MKTG SR - pasek na kartach artykułów

Wywóz odpadów Mazury. Po 1 lipca śmieci nas nie zasypią

Paweł Tomkiewicz [email protected]
sxc.hu
Za nieco ponad tydzień za nasze śmieci będą odpowiadały gminy.

Czasu było niewiele, ale udało się. Mazurskie samorządy dobrze poradziły sobie z przygotowaniem przetargów na odbiór odpadów. Większość gmin wybrała już najkorzystniejsze oferty, choć nie wszystkie podpisały umowy. Ale mimo to paraliż związany z odbiorem odpadów nam nie grozi.

W pojedynkę albo razem

Śmieci pochodzące od mieszkańców 12 gmin tworzących Związek Międzygminny Gospodarka Komunalna trafiają do nowoczesnej sortowni i na wysypisko w Siedliskach koło Ełku. Każdy z samorządów należących do związku indywidualnie ogłaszał przetarg na odbiór i transport odpadów.

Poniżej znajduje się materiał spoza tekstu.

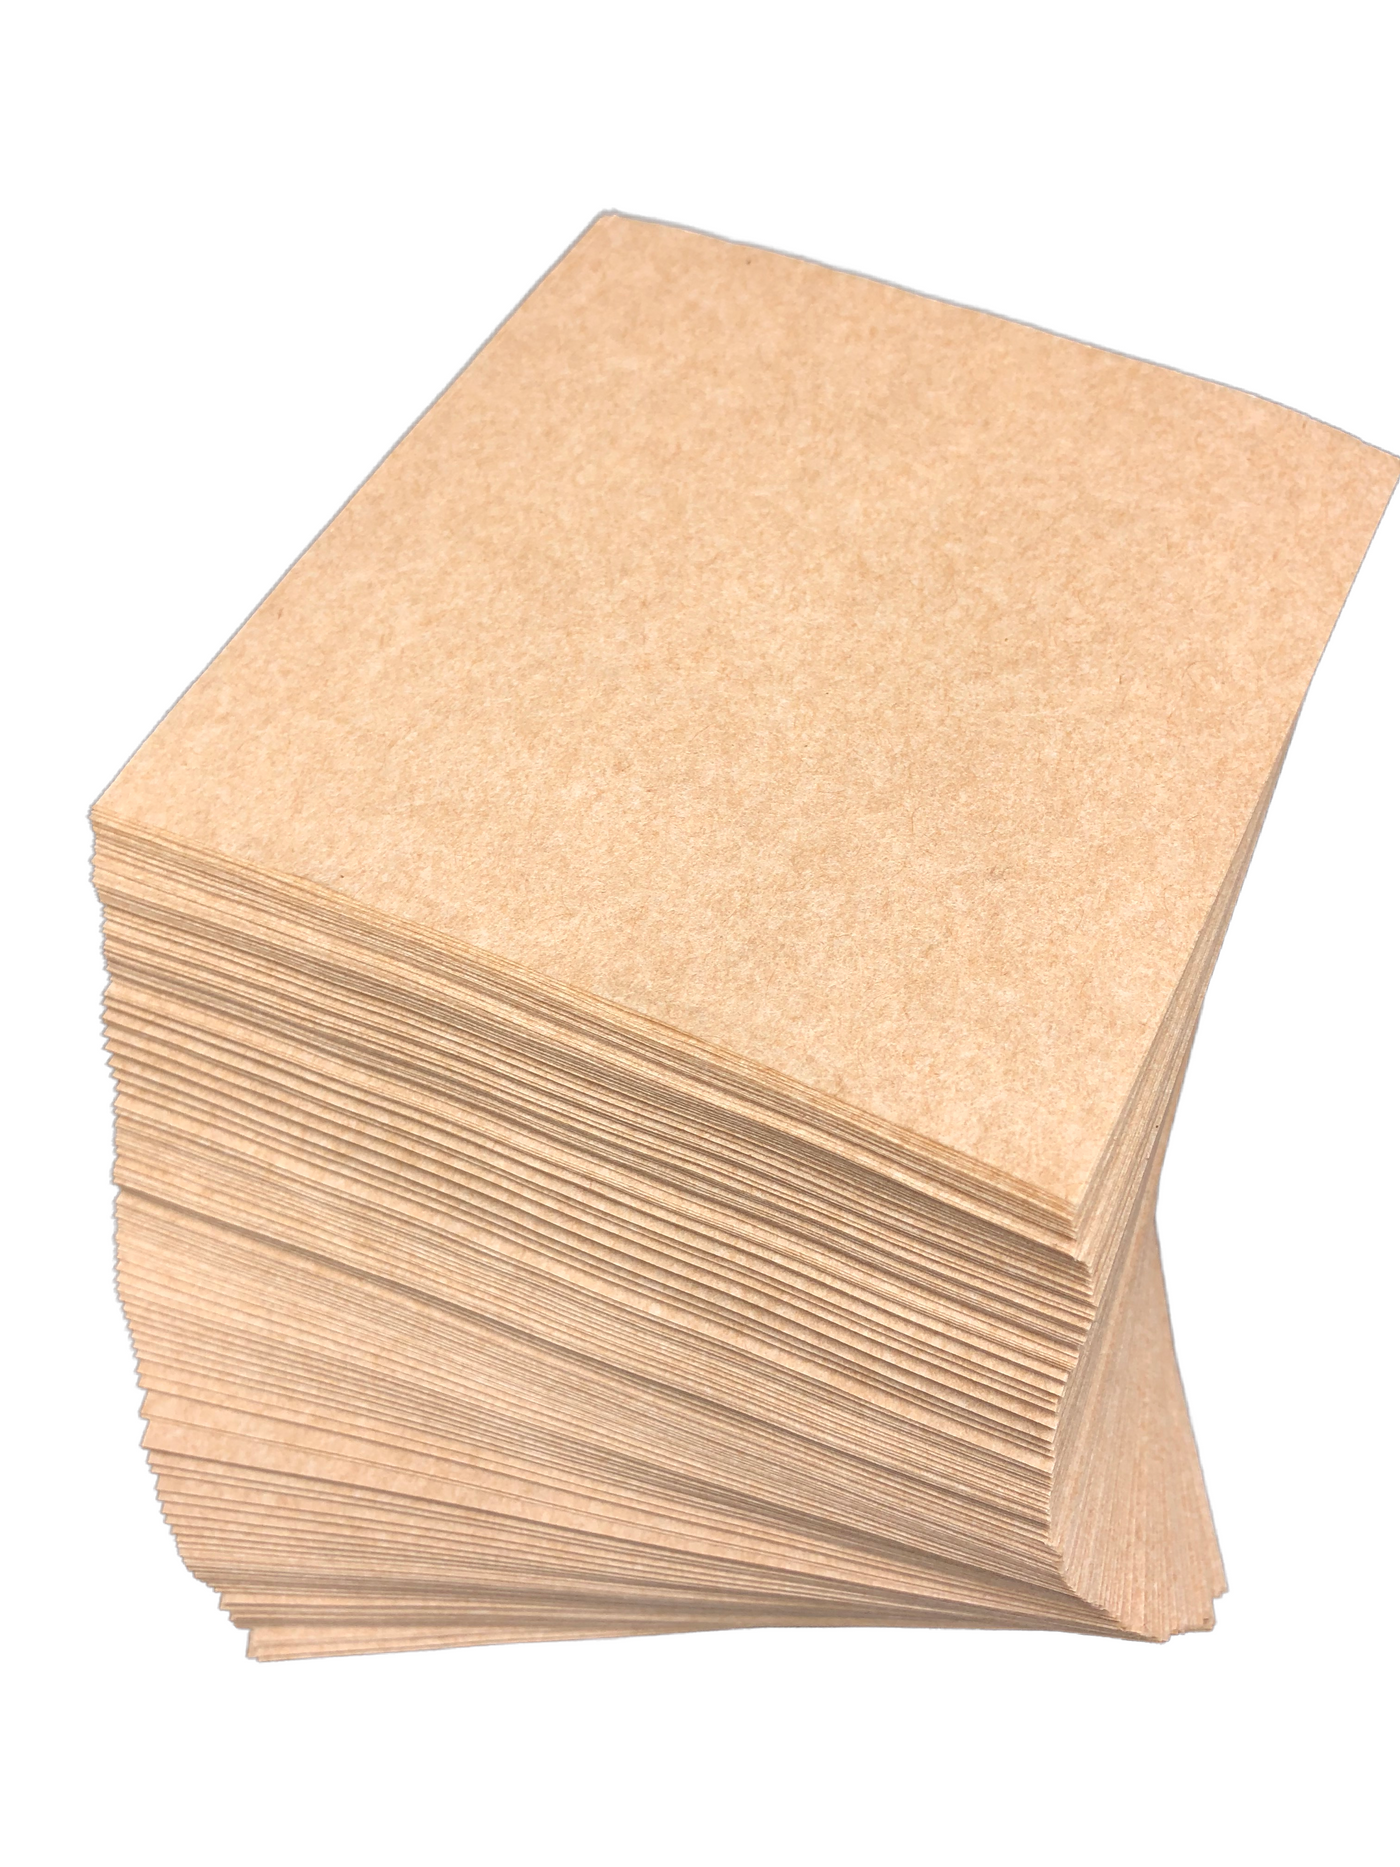 Parchment Paper Sheets For Baking: Oven Safe Parchment Paper, Parchment  Sheets, Bakery Quality Baking Paper For Perfect Results, High Temperature,  Co - Imported Products from USA - iBhejo

W Ełku zwyciężyło konsorcjum dwóch lokalnych firm - Kowalik&Maniak oraz miejskiej spółki Przedsiębiorstwo Usług Komunalnych. Zaproponowana przez nie cena to 1,023 mln zł. Nie była to jednak najniższa oferta. 609 tys. zł zaproponowała ełcka Koma. Ta oferta została jednak odrzucona. Jak informują miejscy urzędnicy, nie zostały przedstawione wszystkie wymagane dokumenty
W gminach Ełk i Kalinowo śmieci od mieszkańców będzie odbierała białostocka firma Czyścioch.

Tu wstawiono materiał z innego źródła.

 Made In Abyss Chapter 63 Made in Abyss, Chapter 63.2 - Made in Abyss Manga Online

Znamy też zwycięzców przetargów w dwóch pozostałych gminach powiatu ełckiego.
W Prostkach startowało 5 firm. Najkorzystniejszą ofertę z ceną nieco ponad 315 tys. zł złożyła białostocka spółka MPO. W gminie Stare Juchy do przetargu przystąpiło również 5 firm. Tam zwyciężyła ełcka firma Kowali&Maniak, która za odbiór śmieci przez najbliższych 12 miesięcy zaproponowała cenę80 tys. zł.

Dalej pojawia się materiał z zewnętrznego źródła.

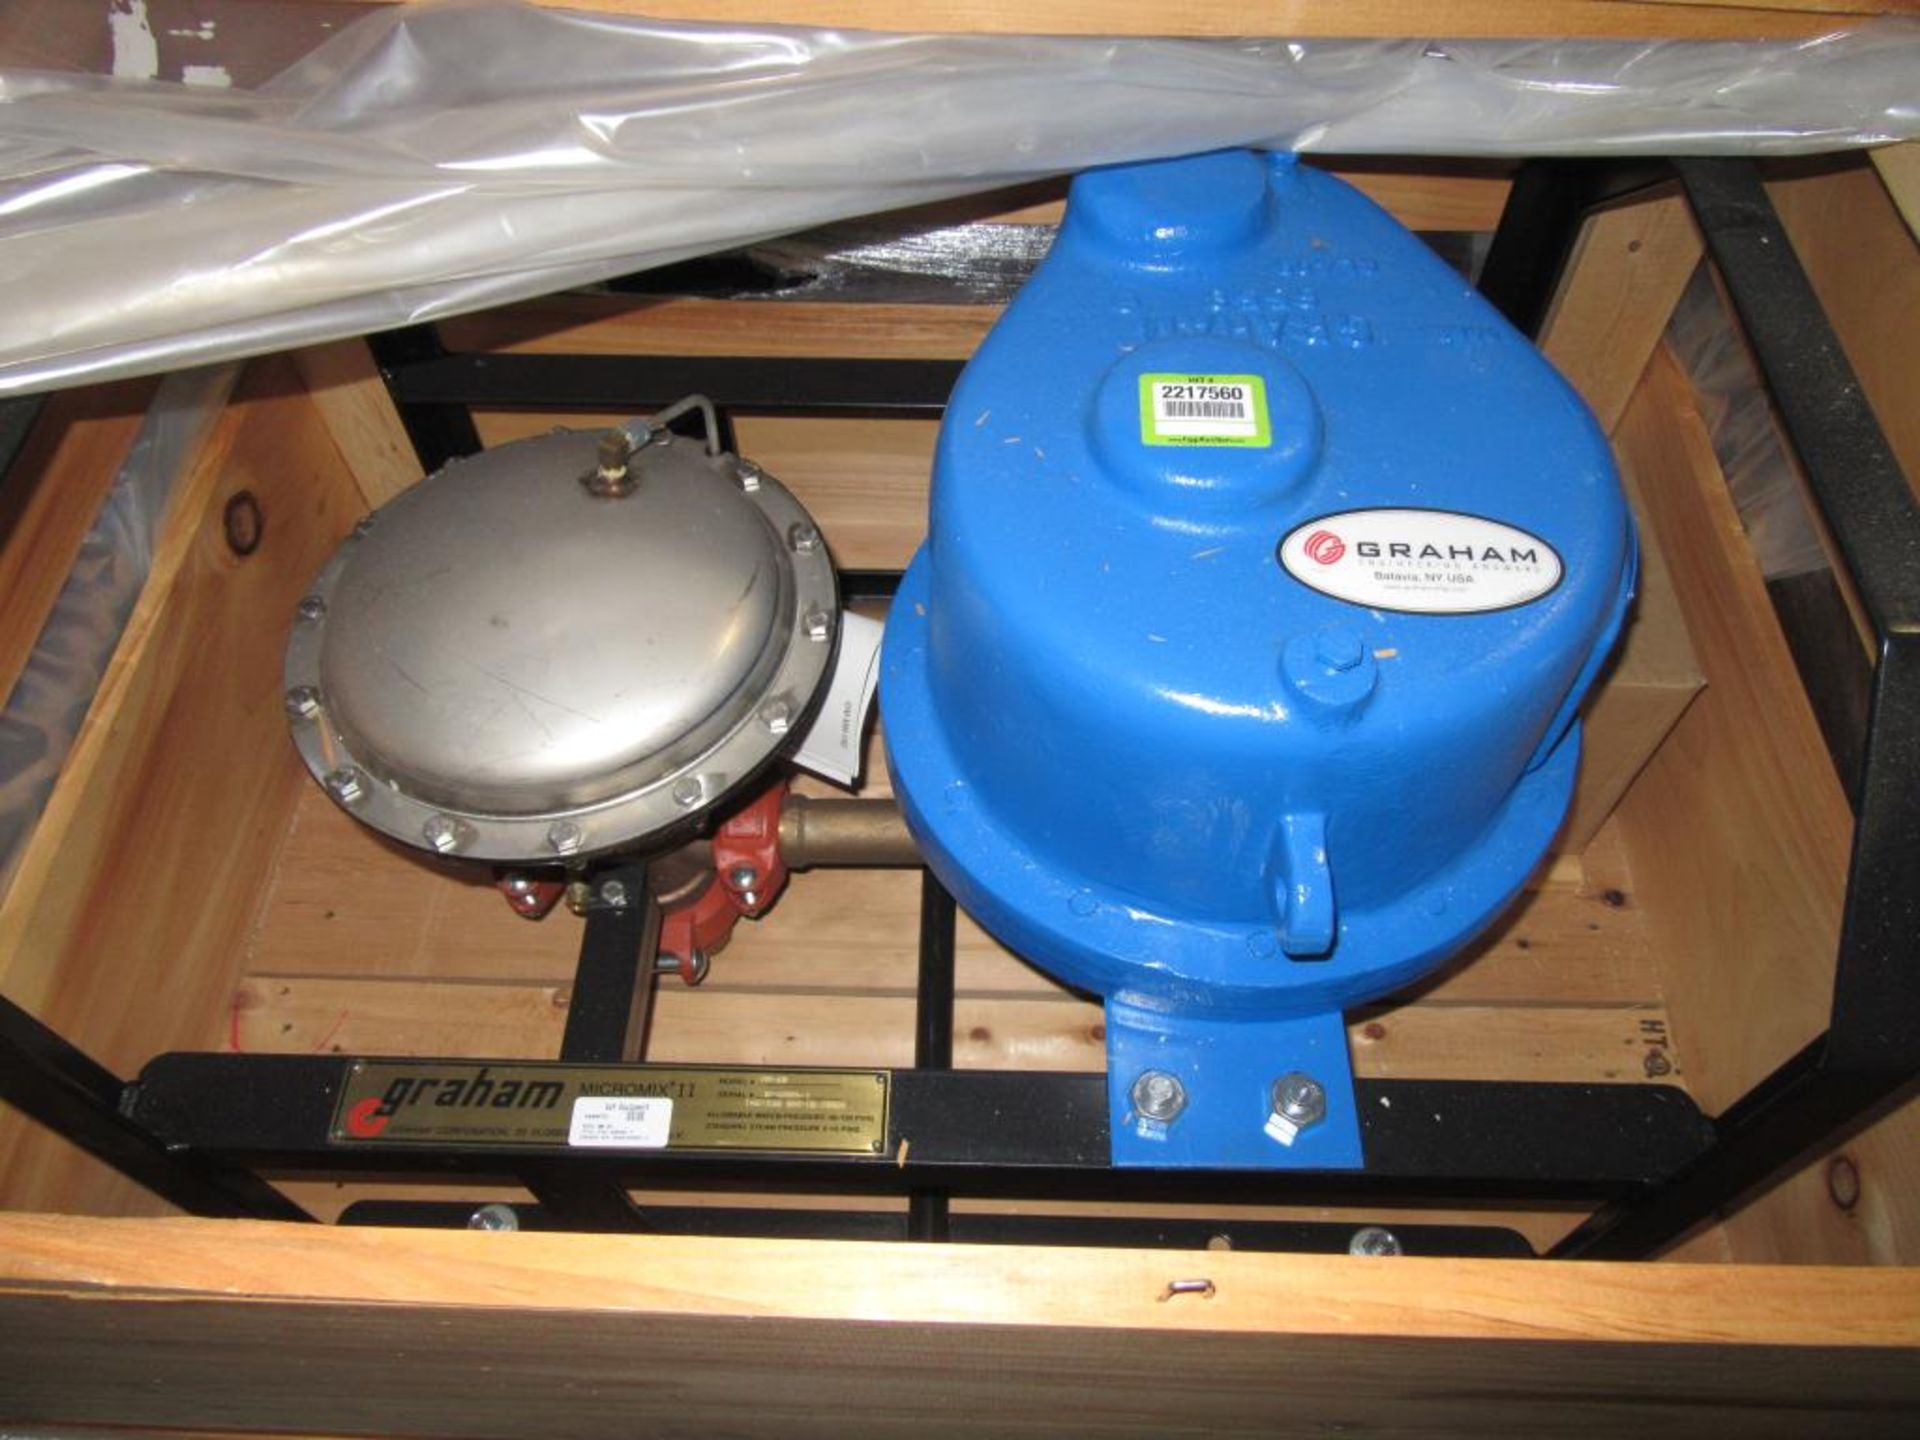 Graham MM-60 Hot Water Heaters; Micro-Mix II Hot Water Heater in Crate. HIT# 2217560. Loc:

Znamy też firmę, która zajmie się wywozem odpadów od mieszkańców Gołdapi. Tam w przetargu wzięło udział 6 firm. Najniższą cenę - prawie 57 tys. zł zaoferowała ełcka firma Uni-Max.
W sąsiednim - Mazurskim Związku Międzygminnym Gospodarka Komunalna, który również tworzy 12 gmin firmę, która zajmie się odbiorem śmieci wybrano w nieco inny sposób. Zamiast przetargów organizowanych przez każdy samorząd, przeprowadzono jeden wspólny, składający się z dwóch części.

Śmieci warte 8 mln zł

Mazurski Związek Międzygminny tworzą m.in. Węgorzewo, Giżycko, Orzysz i Banie Mazurskie. Łącznie zamieszkuje go ok. 100 tys. osób. Wszystkie odpady zebrane od nich będą trafiały na nowoczesne składowisko powstające w Spytkowie. Jego budowa powinna zakończyć się już wkrótce. Będzie podobne do tego działającego już w Siedliskach koło Ełku.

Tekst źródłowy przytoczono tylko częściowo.